História A mangueira de Park Chanyeol - Capítulo 1


Escrita por: ~

Postado
Categorias EXO
Personagens Chanyeol, D.O
Tags Chansoo, Crack!fic, Pwp, Reino Chansoo
Visualizações 2.481
Palavras 3.610
Terminada Sim
NÃO RECOMENDADO PARA MENORES DE 18 ANOS
Gêneros: Comédia, Lemon, Romance e Novela, Universo Alternativo, Yaoi
Avisos: Bissexualidade, Heterossexualidade, Homossexualidade, Insinuação de sexo, Linguagem Imprópria, Nudez, Sexo
Aviso legal
Os personagens encontrados nesta história são apenas alusões a pessoas reais e nenhuma das situações e personalidades aqui encontradas refletem a realidade, tratando-se esta obra, de uma ficção. Os eventuais personagens originais desta história são de minha propriedade intelectual. História sem fins lucrativos, feita apenas de fã para fã sem o objetivo de denegrir ou violar as imagens dos artistas.

Notas do Autor


Era pra ser uma crackFic.... peço desculpas desde já
Finge que não tem erro e que tá tudo certo

Capítulo 1 - Só curiosidade


Fanfic / Fanfiction A mangueira de Park Chanyeol - Capítulo 1 - Só curiosidade

    Eu dividia o apartamento com KyungSoo a algum tempo e tudo sempre andou em seus conformes, às vezes eu o irritava só pra vê-lo estressado, não tenho culpa se ele aceitou morar comigo, mas é aquele ditado: cada um tem o Park Chanyeol que merece. Mas essa nossa amizade não surgiu do nada foi mais ou menos assim, eu estava no sétimo ano do fundamental e ele no sexto ano. Um dia inventei de chamar uns amigos pra irem dormir lá em casa, e depois de contatar minha mãe e a mãe dos meus amigos nós fomos para minha casa, até ai tudo bem. 

   Eu, Baekhyun, Junmyeon e Jongdae estávamos no meu quarto passando alguns canais tentando escolher alguma coisa que prestasse, porque já tínhamos jogado, comido e tomado banho. Até que Baekhyun - que estava com o controle por dizer que seus dedos eram ótimos para escolher coisas - passou em um filme de terror e disse para assistirmos. Pff… beleza… o caralho, o filme foi assustador só o Baekhyun conseguiu assistir até o final eu fingi que tava tudo bem mas fui ao banheiro rezando a deus e todos os santos que me protegesse. Admito que dormi abraçado com Jongdae, mas falei que era frio porque não queria pagar de mariquinha.
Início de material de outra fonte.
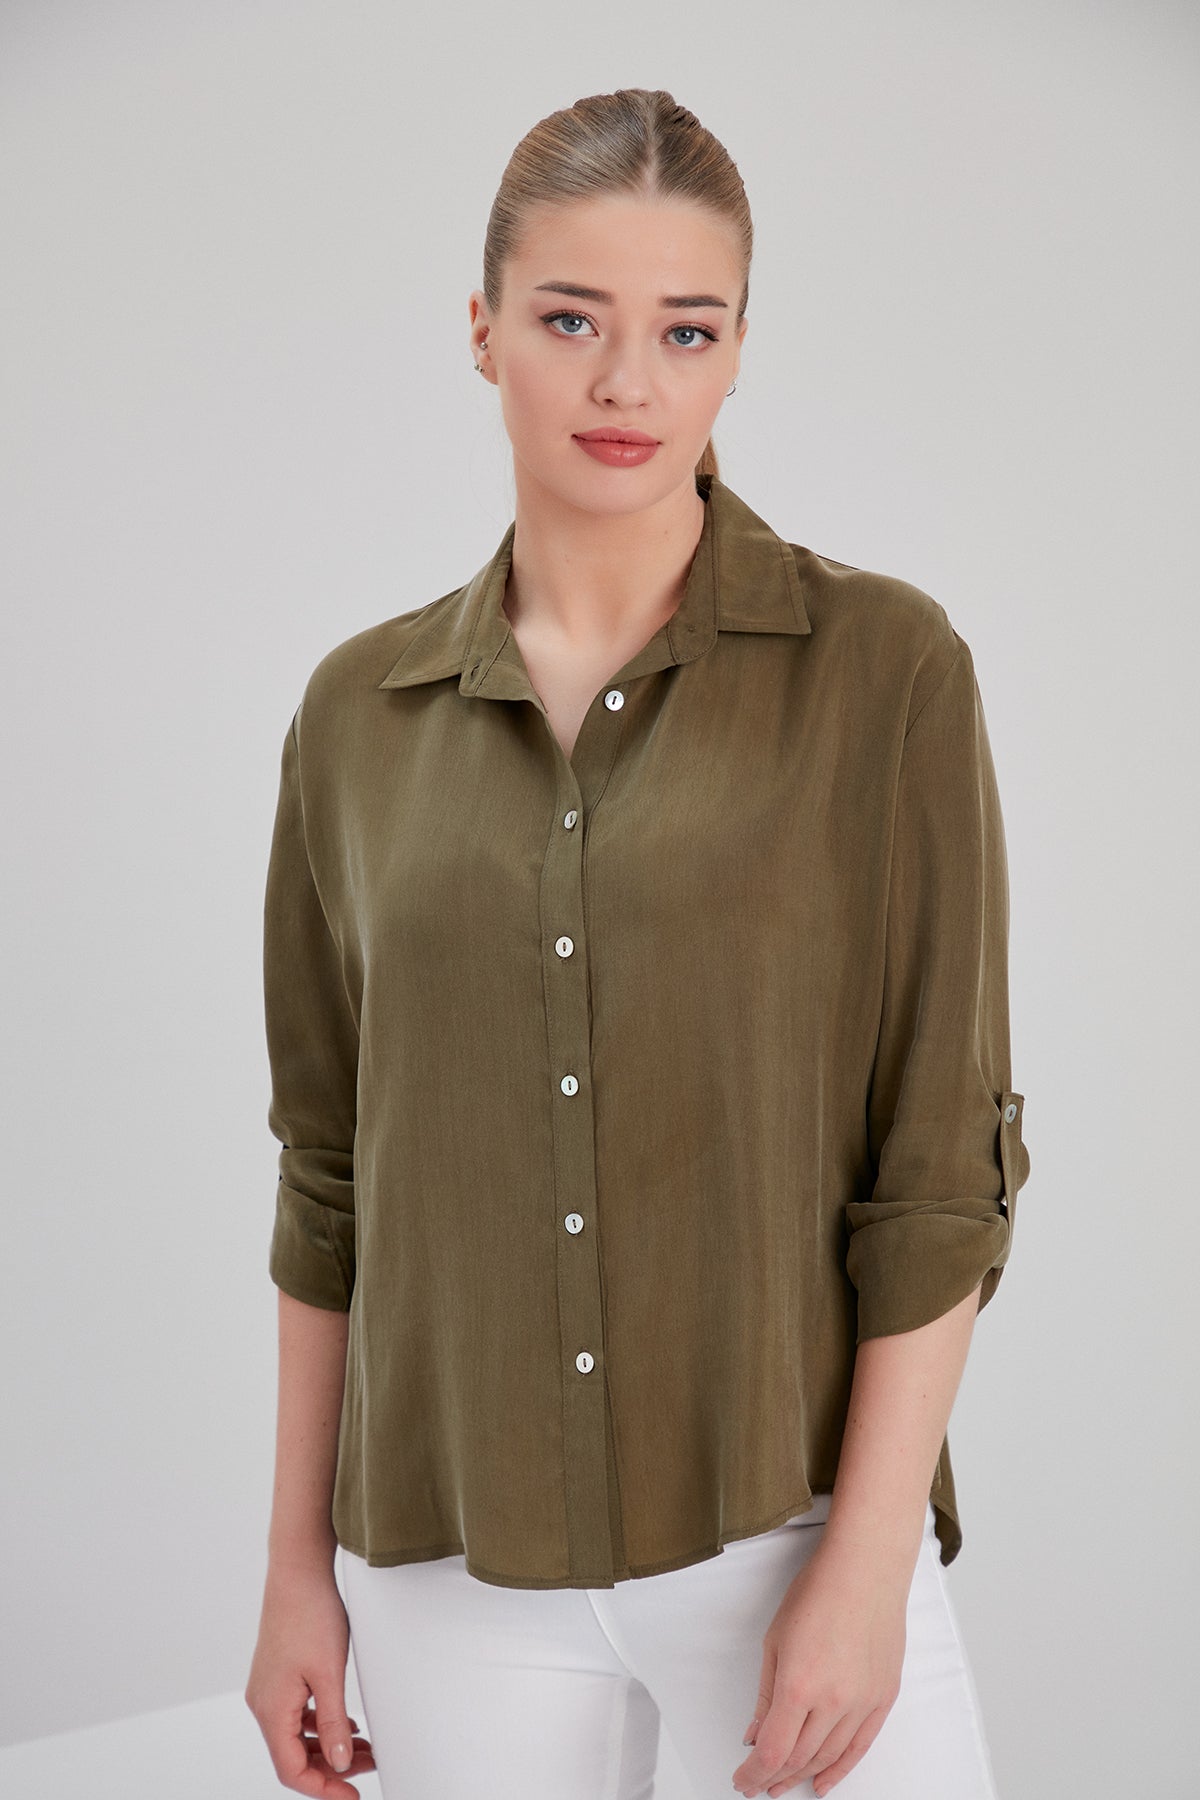 khaki-vegan-cupro-shirt-sustainable-recycled-buttons-tall-size

   Mas vocês devem estar pensando “Onde KyungSoo entra nisso?”, ele entra agora. No outro dia quando acordei para ir a escola procurei minha dignidade mas não achei, eu e meus amigos fomos para o inferno chamado escola “numa boa”. Quando o intervalo foi chegando começou a me subir um cagaço de medo que comecei a suar frio. Quando tocou o sinal lembrei da parte do filme que a mulher da cantina usa a menina pra fazer estrogonofe de gente, e o cu até gelou, os brothers vieram perguntar se eu ia pra cantina, neguei dizendo que ia revisar matéria. Foi a mais pura mentira. Quando eles saíram da sala eu fui correndo para o bloco dos alunos do ensino médio atrás de Zhang Yixing o mago que tudo vê e bruxo que tudo sente ou seja, o cara de humanas. Fui atrás dele pra saber o que poderia fazer para tirar aquela coisa ruim e sensação de que alguma coisa estava me seguindo e que iria morrer a qualquer momento. E então ele disse que não mexia com essas coisas de demônios mas me contou que o filho de satanás estudava em nossa escola, e foi assim que conheci KyungSoo. Ele disse para chama-lo de Senhor das Trevas Celestiais ou SatanSoo. E então falou umas palavras em uma língua estranha e disse que o pacto tava feito e que eu deveria ser seu servo para sempre, senão a mulher do filme ia vir atrás de mim e matar toda a minha família na minha frente enquanto eu ouço sertanejo universitário. Preferi aceitar ser amigo do herdeiro do trono do inferno.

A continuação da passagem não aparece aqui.